Everything in the entries below must be output exactly, apart from the pictures.

*** Block opens ***

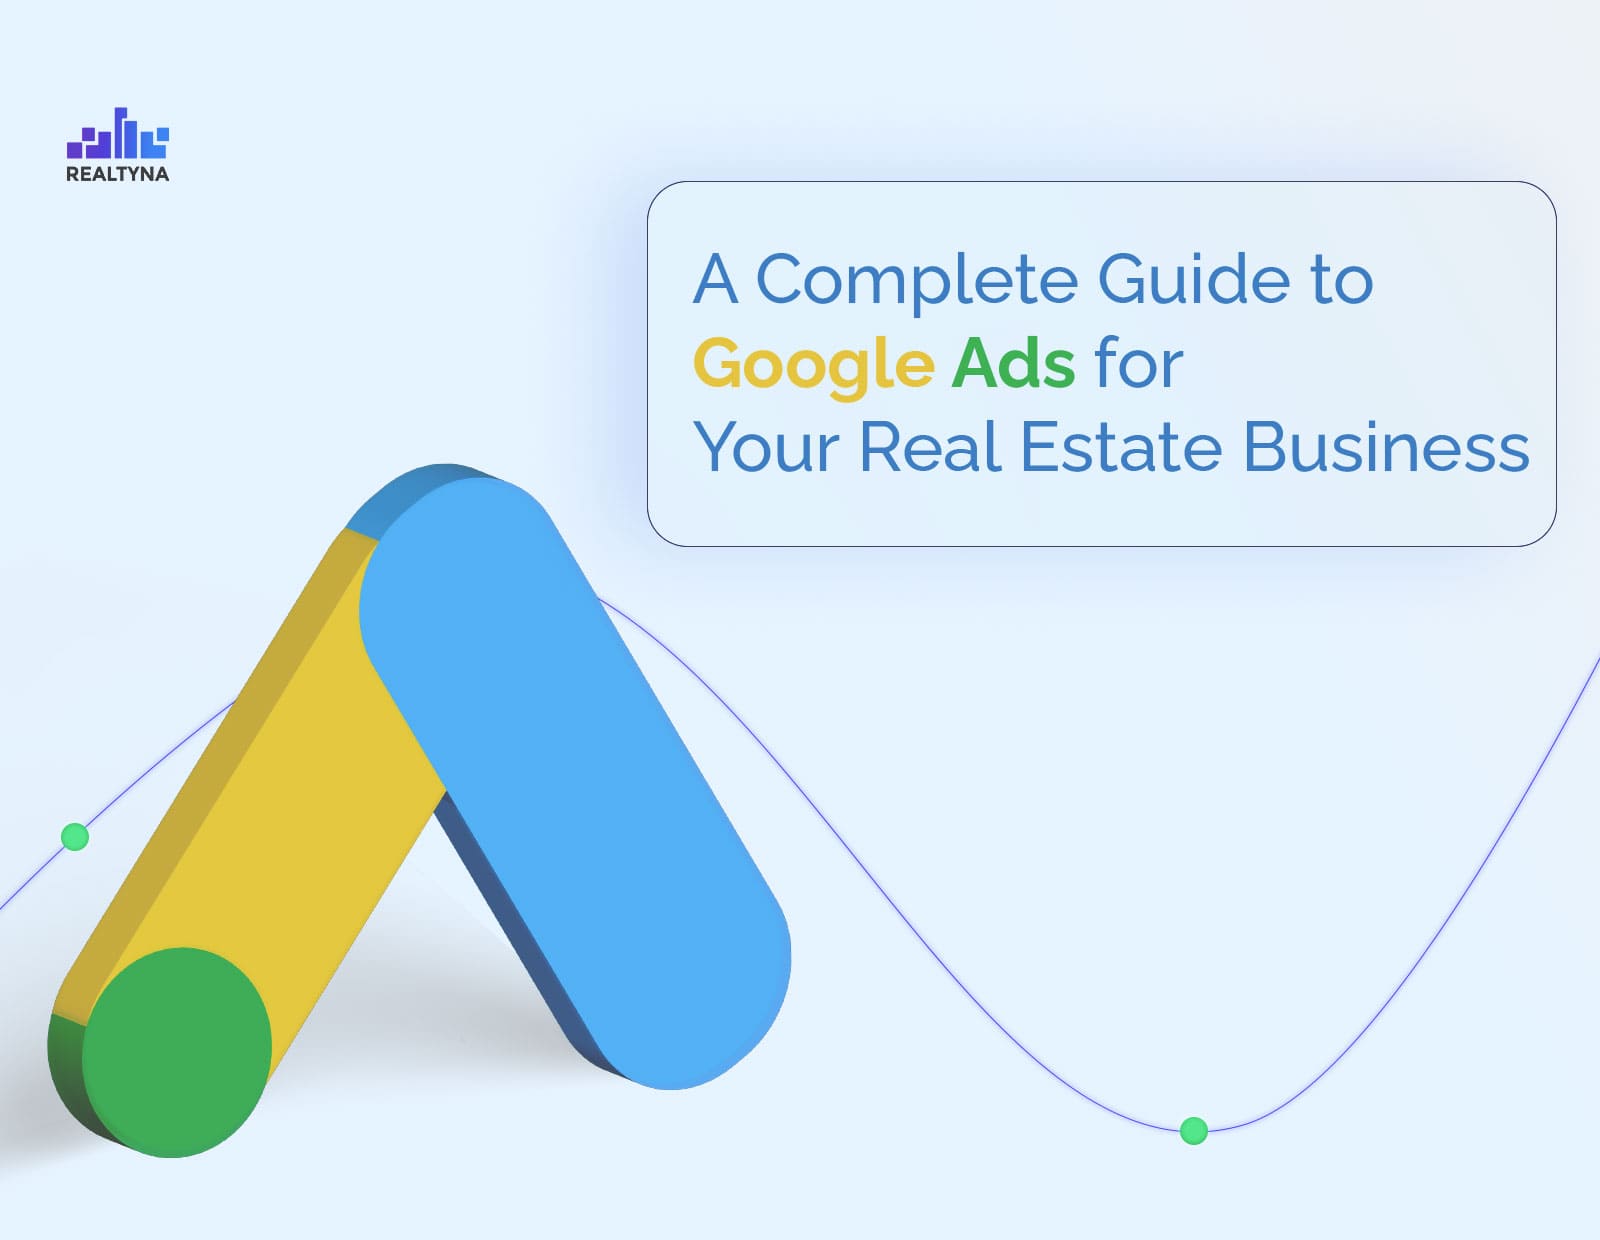 Google Ads for real estate agents
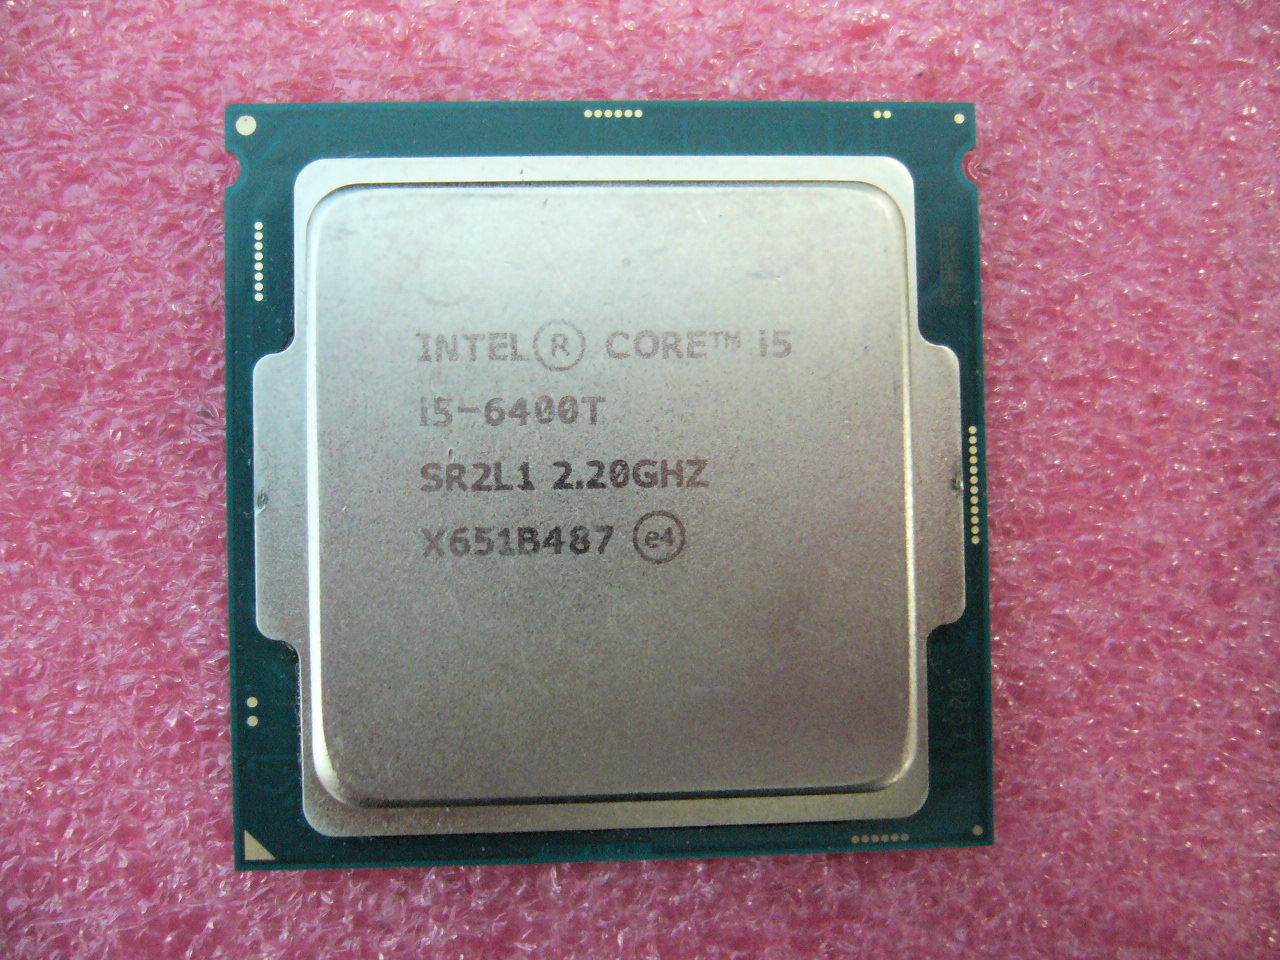 QTY 1x Intel CPU i5-6400T Quad-Cores 2.20Ghz 6MB LGA1151 SR2L1 SR2BS NOT WORKING
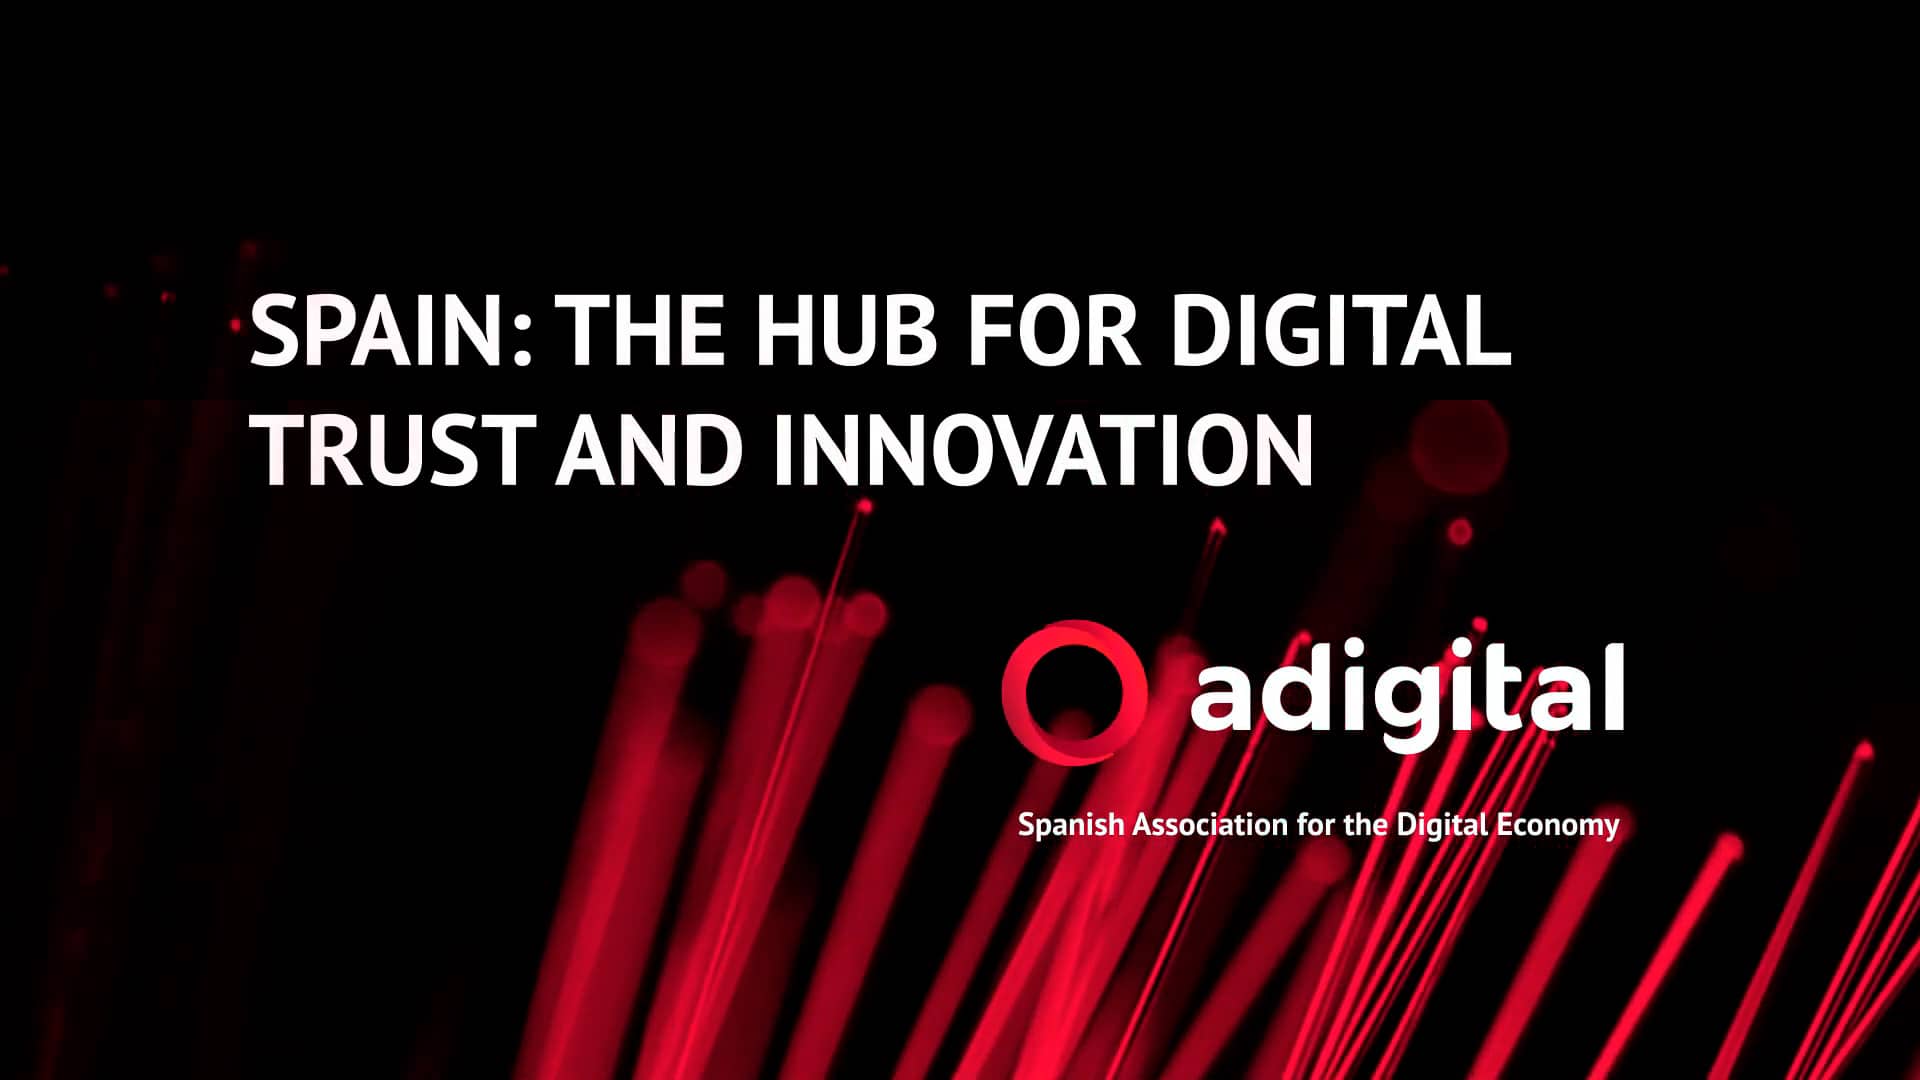 Spain: the hub for digital trust and innovation
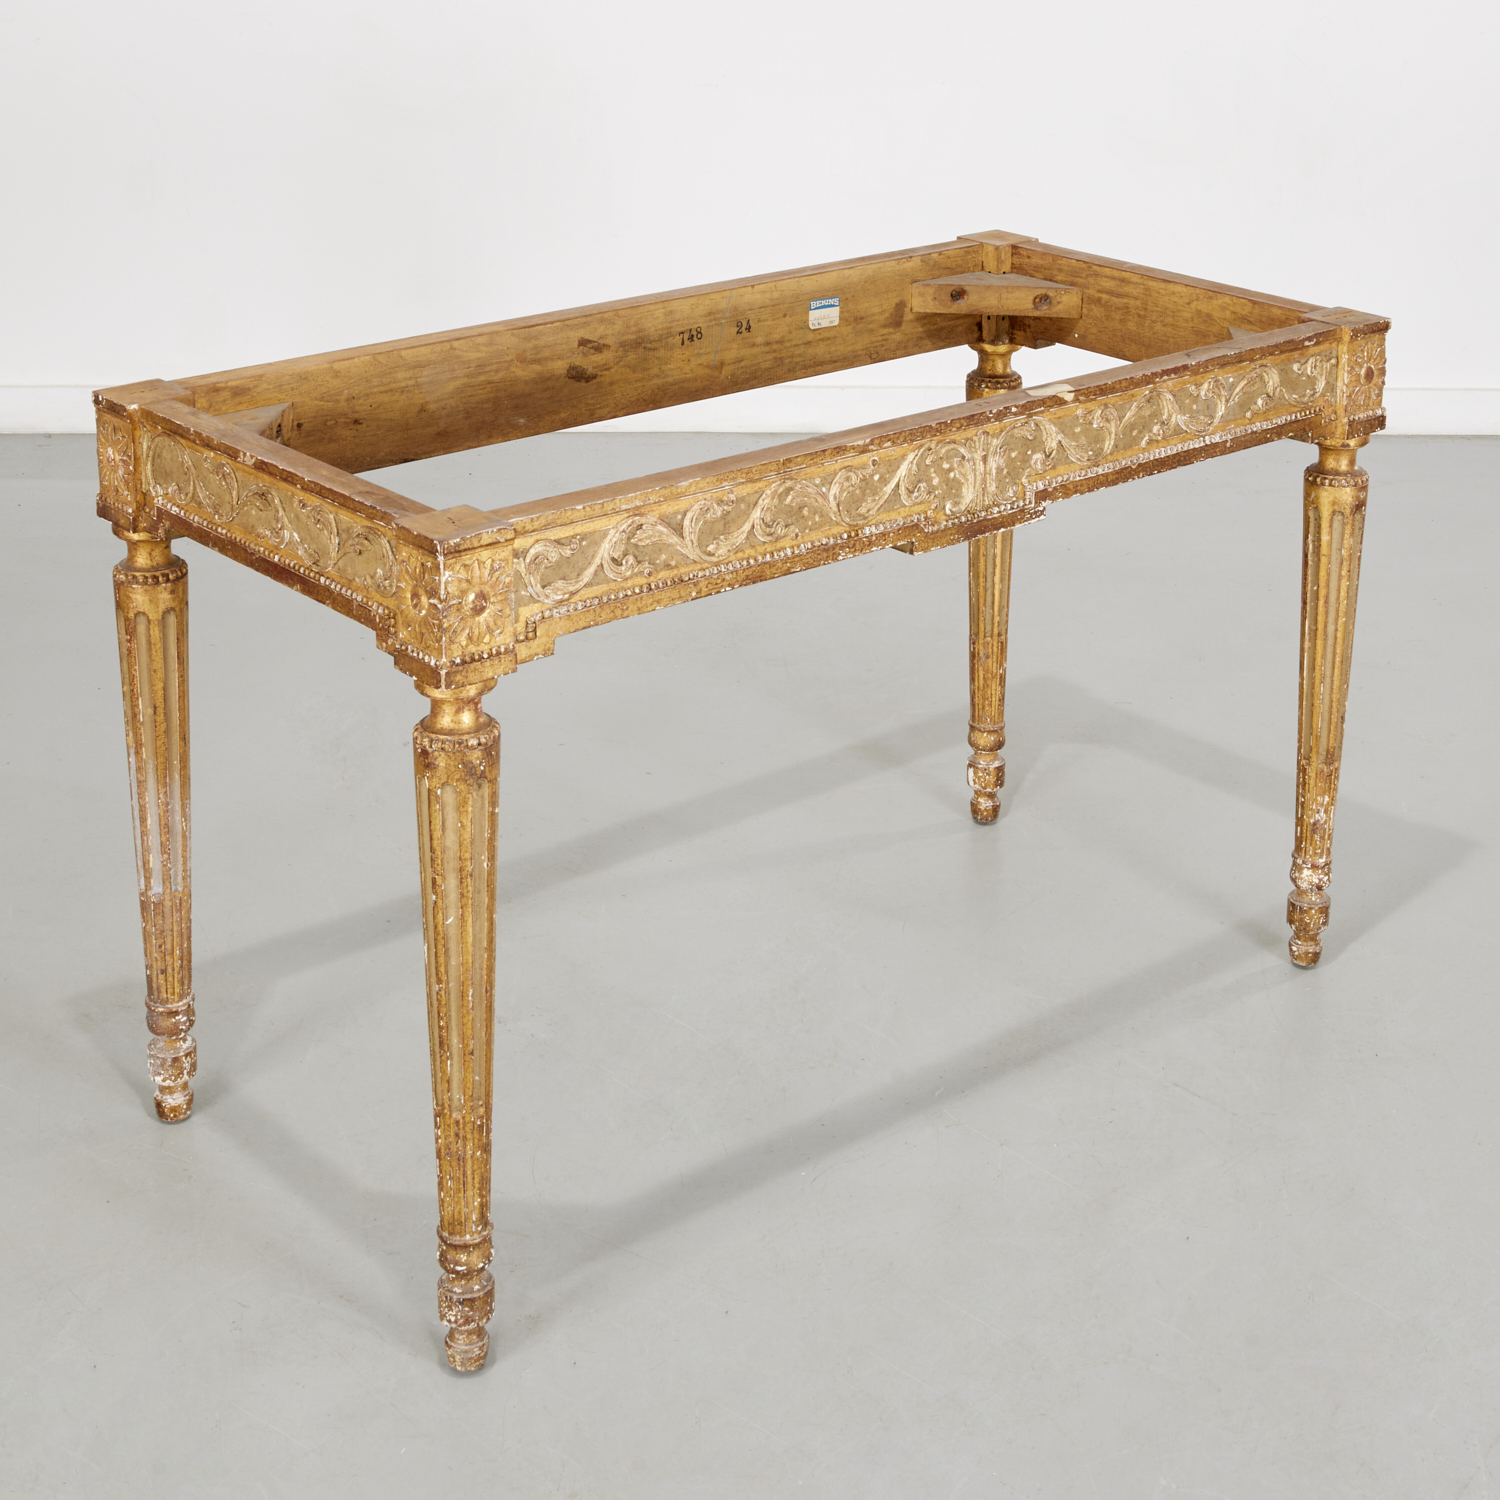 LOUIS XVI STYLE CONSOLE TABLE  2fc504
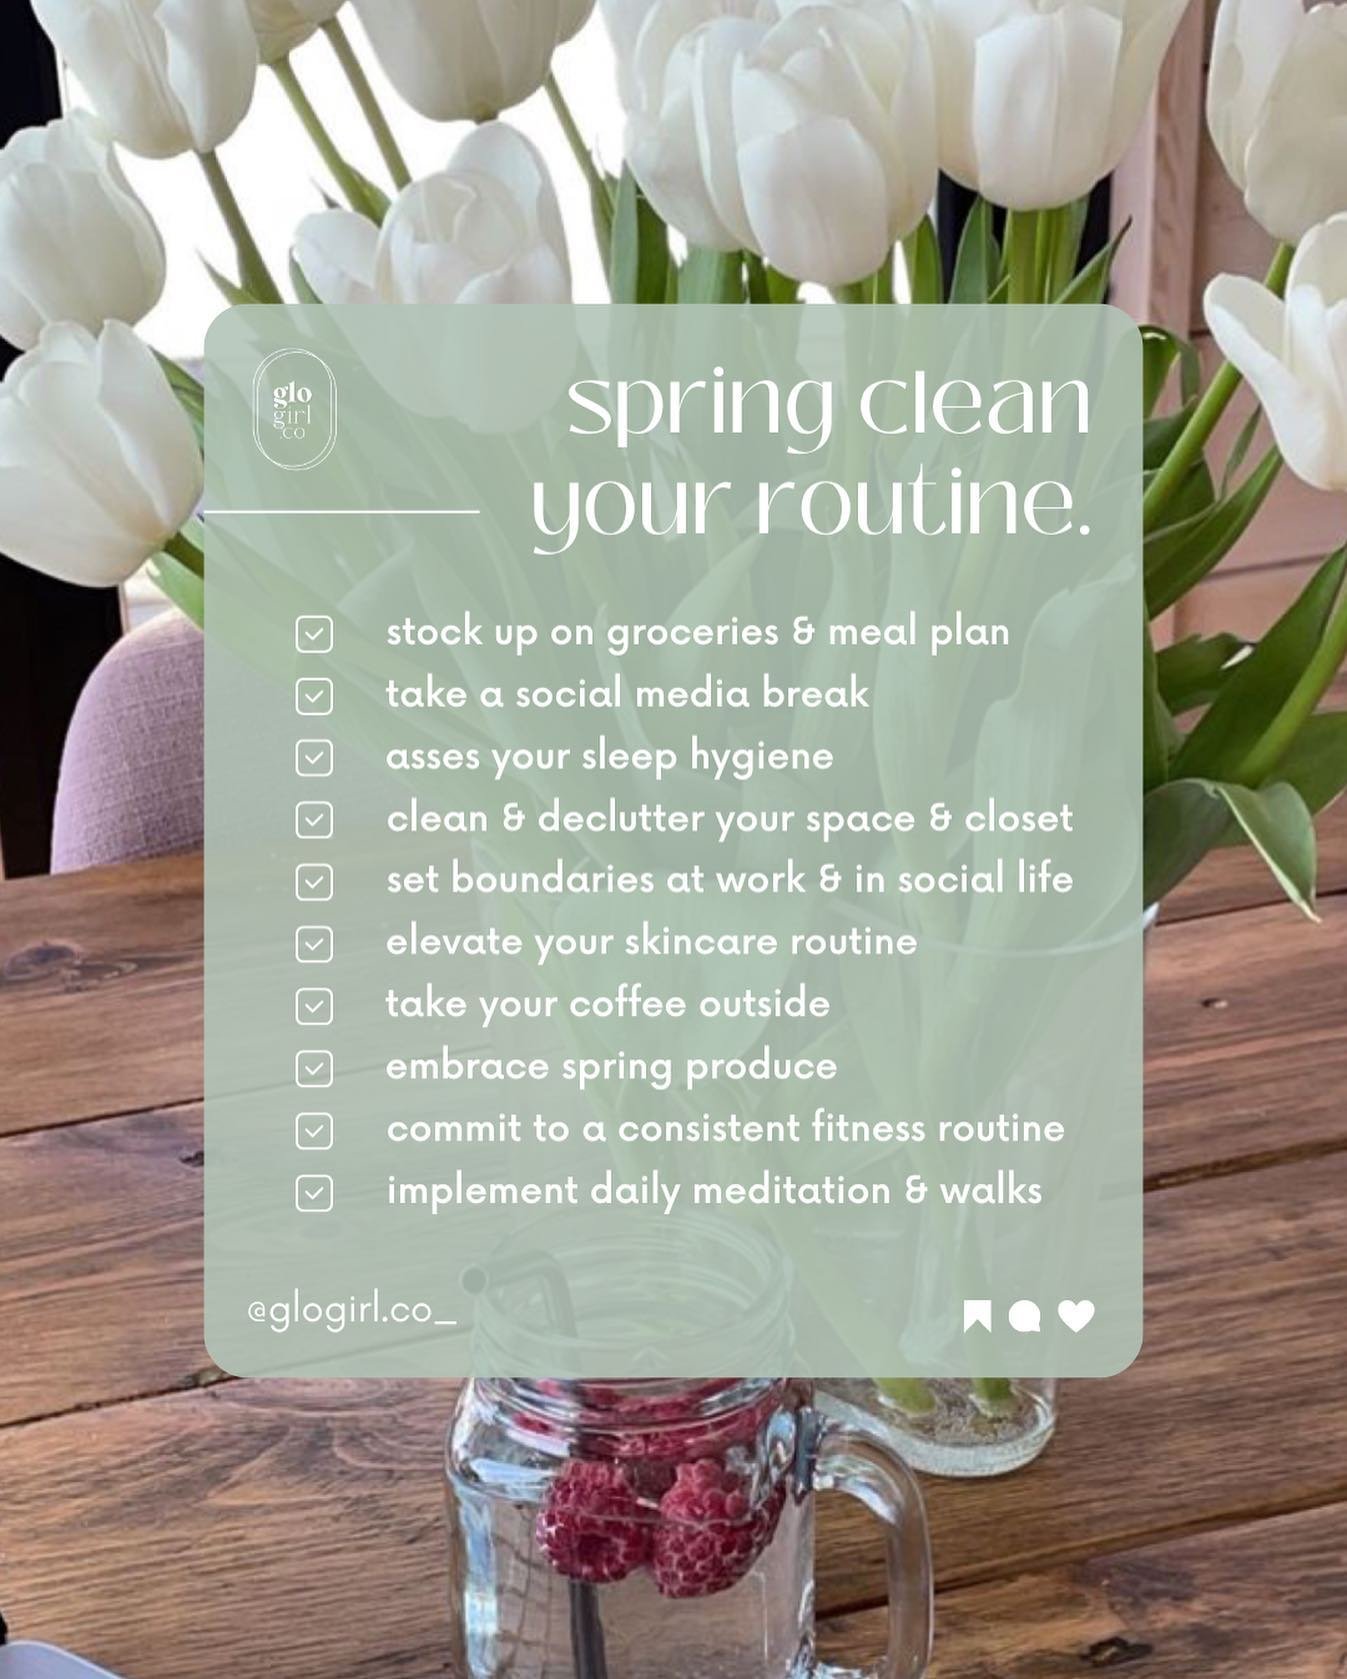 spring cleaning for the soul 🌸💫🧺

#wellnesschecklist #springwellness #springclean #routinereset #healthyhabits

*** Block closes ***

**EXERCISE RESULT:**
 Google Ads for real estate agents
 QTY 1x Intel CPU i5-6400T Quad-Cores 2.20Ghz 6MB LGA1151 SR2L1 SR2BS NOT WORKING
 Spain: the hub for digital trust and innovation
 LOUIS XVI STYLE CONSOLE TABLE  2fc504
 spring cleaning for the soul 🌸💫🧺

#wellnesschecklist #springwellness #springclean #routinereset #healthyhabits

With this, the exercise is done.